Gastroenterology is the theme for March, so for this simulation we started off with an upper gastrointestinal bleed (UGIB). There’s a large spectrum with this presentation - this simulated patient was on the severe side. Thanks to Sally Pearson and Laura Jacobs for facilitating. The simulated case: A pre-alert was received for a man in his 50s who has been vomiting blood. He has had a recent binge of alcohol. Pre-hospitally he was identified as having a rapid pulse and low blood pressure. He had been cannulated and a 250mL bolus of fluid given. What happened? Before the patient’s arrival the team discussed roles and potential need for blood transfusion. The patient had blood taken and a second cannula inserted. After assessment the major haemorrhage protocol was initiated and blood transfusions initiated. The UGIB protocol was consulted and as this was a suspected variceal bleed the patient was given terlipressin and prophylactic antibiotics. What did we think? In debrief we discussed: Major haemorrhage protocol (MHP): We discussed that sometimes it’s appropriate to activate the MHP before the patient arrives based on what we know from the ATMIST. The MHP can be activated [edit 12/03/21: Sally has advised me that it is not through 2222, instead you must ring the blood bank directly] with a patient identifiable number. This is a resource-intensive process - really a specific person needs to raise the call and await callback from the blood bank, whilst another specific person is available to go and collect the blood products. Tell the EPIC. Remember we can also give O negative (or O positive in this case as male) blood which is stored within ED. Otherwise, blood can be crossmatched using the paper request forms that blood group samples are sent in. Remember to take the scanner to the patient and scan their wrist band to ensure no mislabelling occurs. There are logistical specifics that can be helpful here:
Electrolytes:
Low calcium is a problem in acute haemorrhage as it can further interfere with normal clotting. It can be triggered after giving the patient blood transfusions because of the use of citrate to impair clotting whilst the blood is being stored. Therefore calcium should also be administered. Since potassium is mainly intracellular, there is a risk that in stored blood some potassium moves outside of the cells, and especially in the case of any breakdown of the cells. Therefore massive transfusion comes with a risk of hyperkalaemia.
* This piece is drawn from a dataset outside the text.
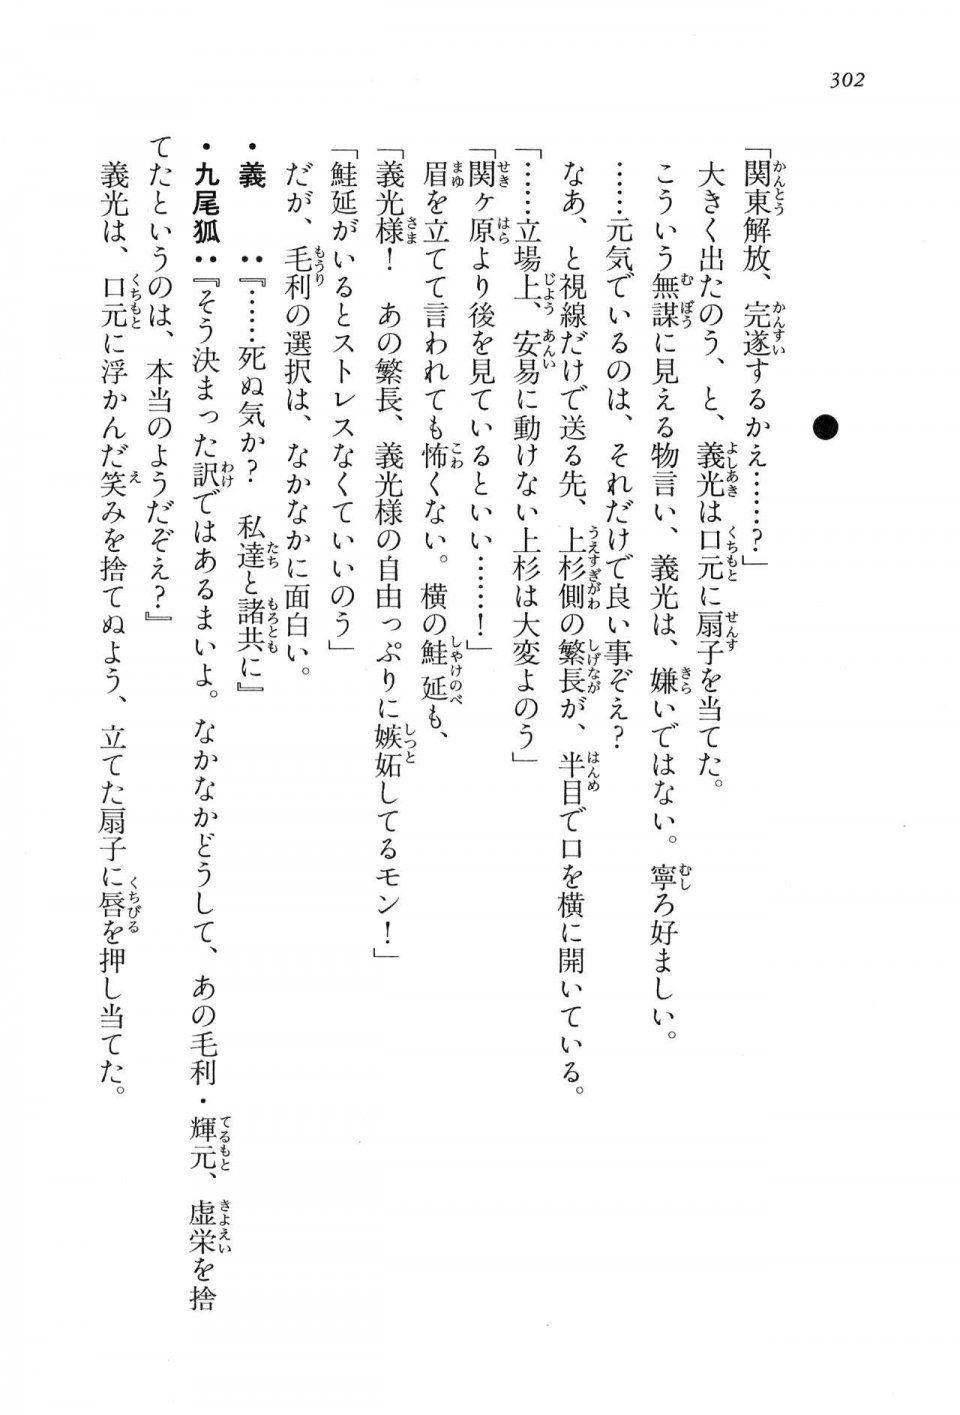 Kyoukai Senjou no Horizon LN Vol 16(7A) - Photo #302

If the patient also has a lactic acidosis from poor perfusion as a result of haemorrhage, then we know this can also increase serum potassium by pushing it out of cells into the blood in exchange for hydrogen ions. Further, hyperkalaemia can cause bradycardia - our patient is already having difficulty perfusing their organs so bradycardia here logically may add additional strain. Organising endoscopy: In-hours: inform medical registrar, endoscopist and gastroenterology registrar Out-of-hours: inform medical registrar and surgical registrar Liver and alcohol considerations: Clearly this patient will also need the liver bundle - see the guideline on the G drive - and the help of the alcohol liaison team. The UGIB guideline gives the dose of terlipressin to use if the bleed is suspected to be variceal. To do: Poiseuille’s law of flow applicable to IV cannulae [ ] Have you read the hospital massive transfusion policy? [ ] Two great guidelines to look at here: the UGIB one on EDIS, and the decompensated cirrhosis one on the G drive [ ] If you took part in the sim or watched on the livestream, you can use this blog as a starter to reflect on your own experience of it [ ] Blog by: James Keitley - ED sim fellow - on behalf of the ED sim team. --------------- For clinical decisions please refer directly to primary sources. This blog may not be updated. All images copyright- and attribution-free in the public domain or taken by the author.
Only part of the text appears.